== EXERCISE BRIEF ==
Look in the listing below for the line that has "A fairy house in the forest.", then return it and each following line up to and including the one with "Meet the member’s", exactly and without pictures.
___ SUPPLIED MATERIAL ___
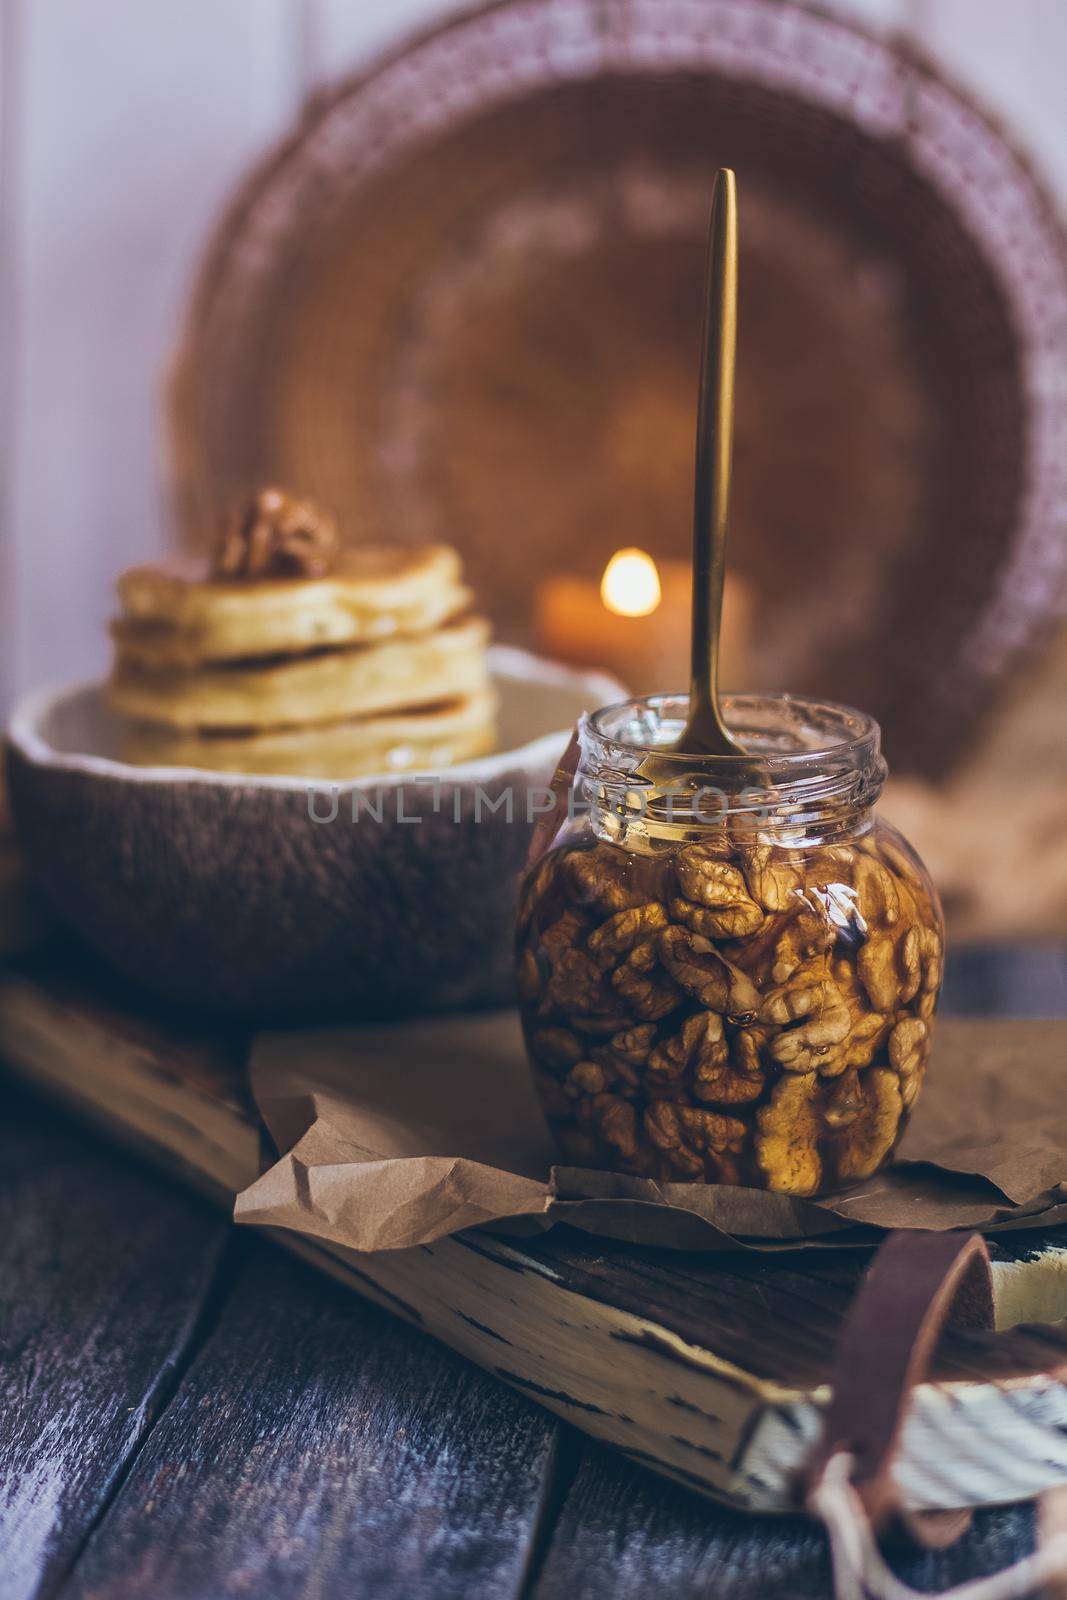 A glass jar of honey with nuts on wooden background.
___
___ SUPPLIED MATERIAL ___
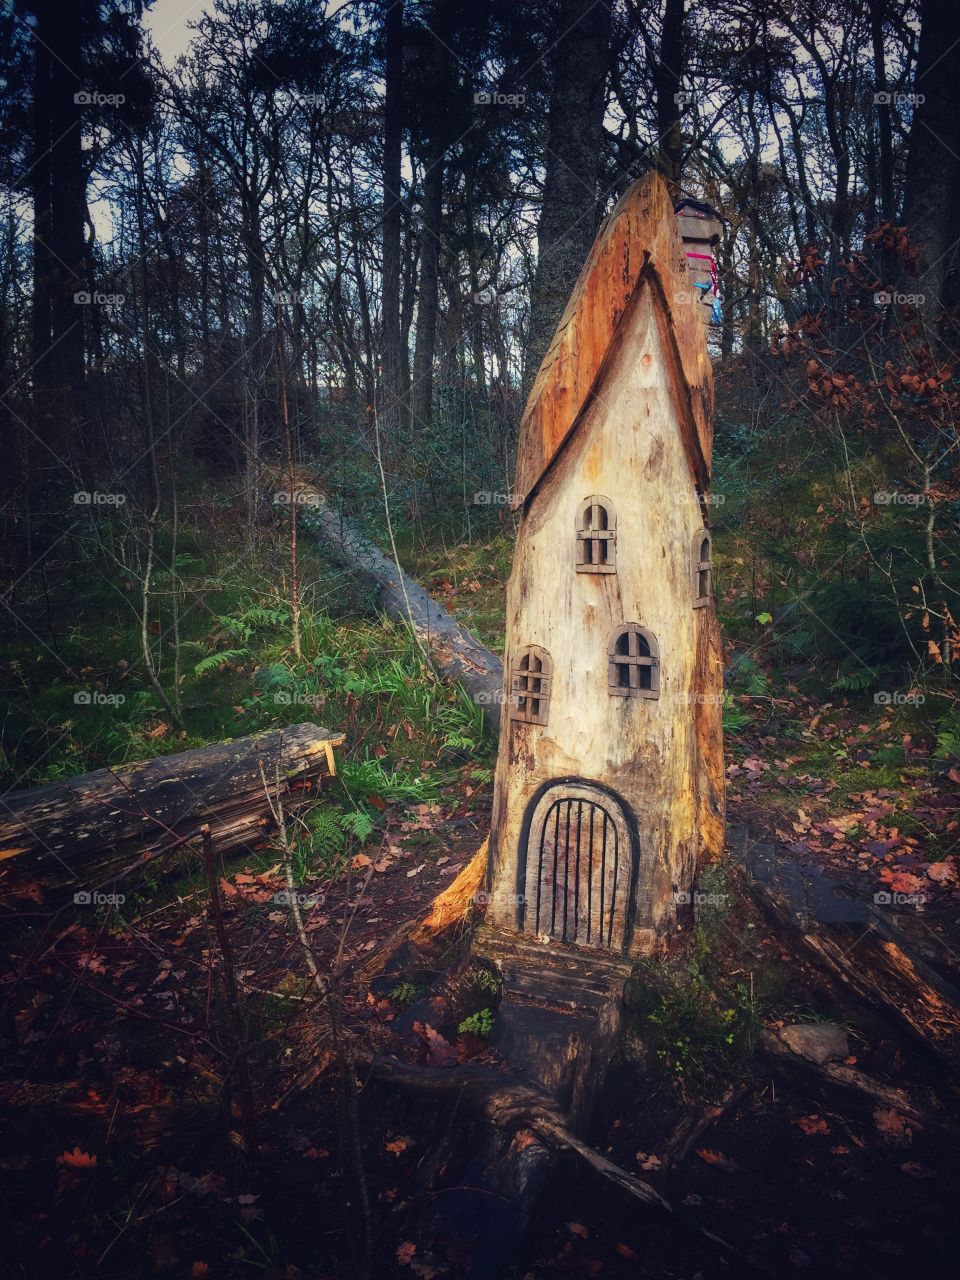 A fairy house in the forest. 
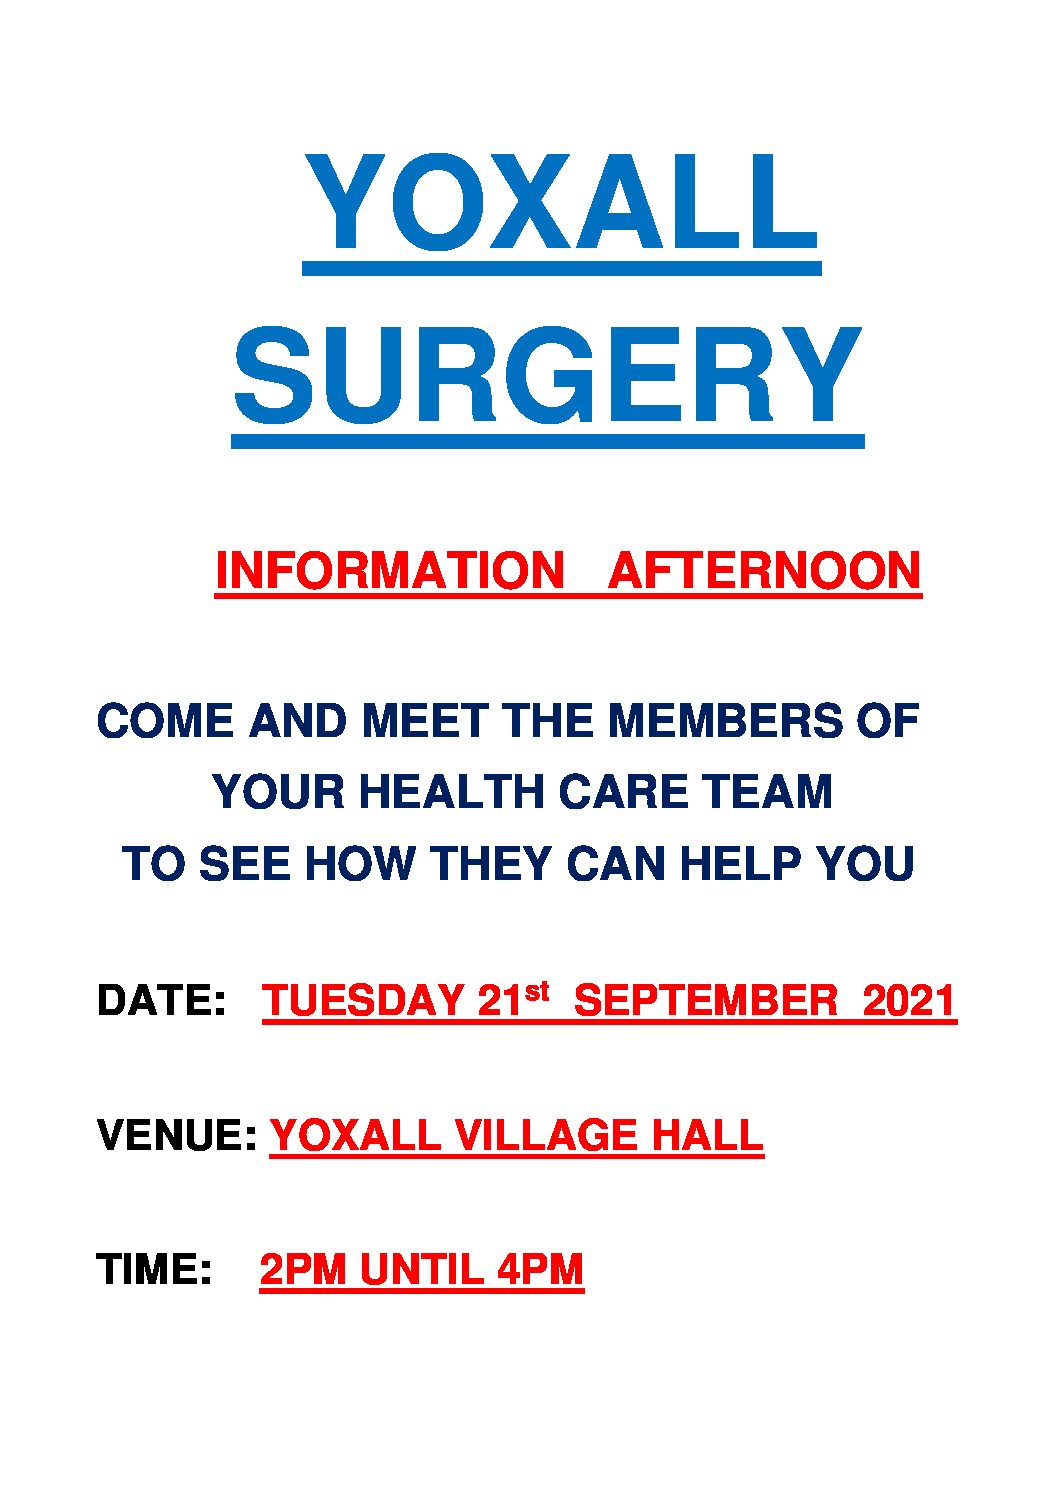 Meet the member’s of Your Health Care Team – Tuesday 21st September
___
== RESPONSE ==
 A fairy house in the forest. 
 Meet the member’s of Your Health Care Team – Tuesday 21st September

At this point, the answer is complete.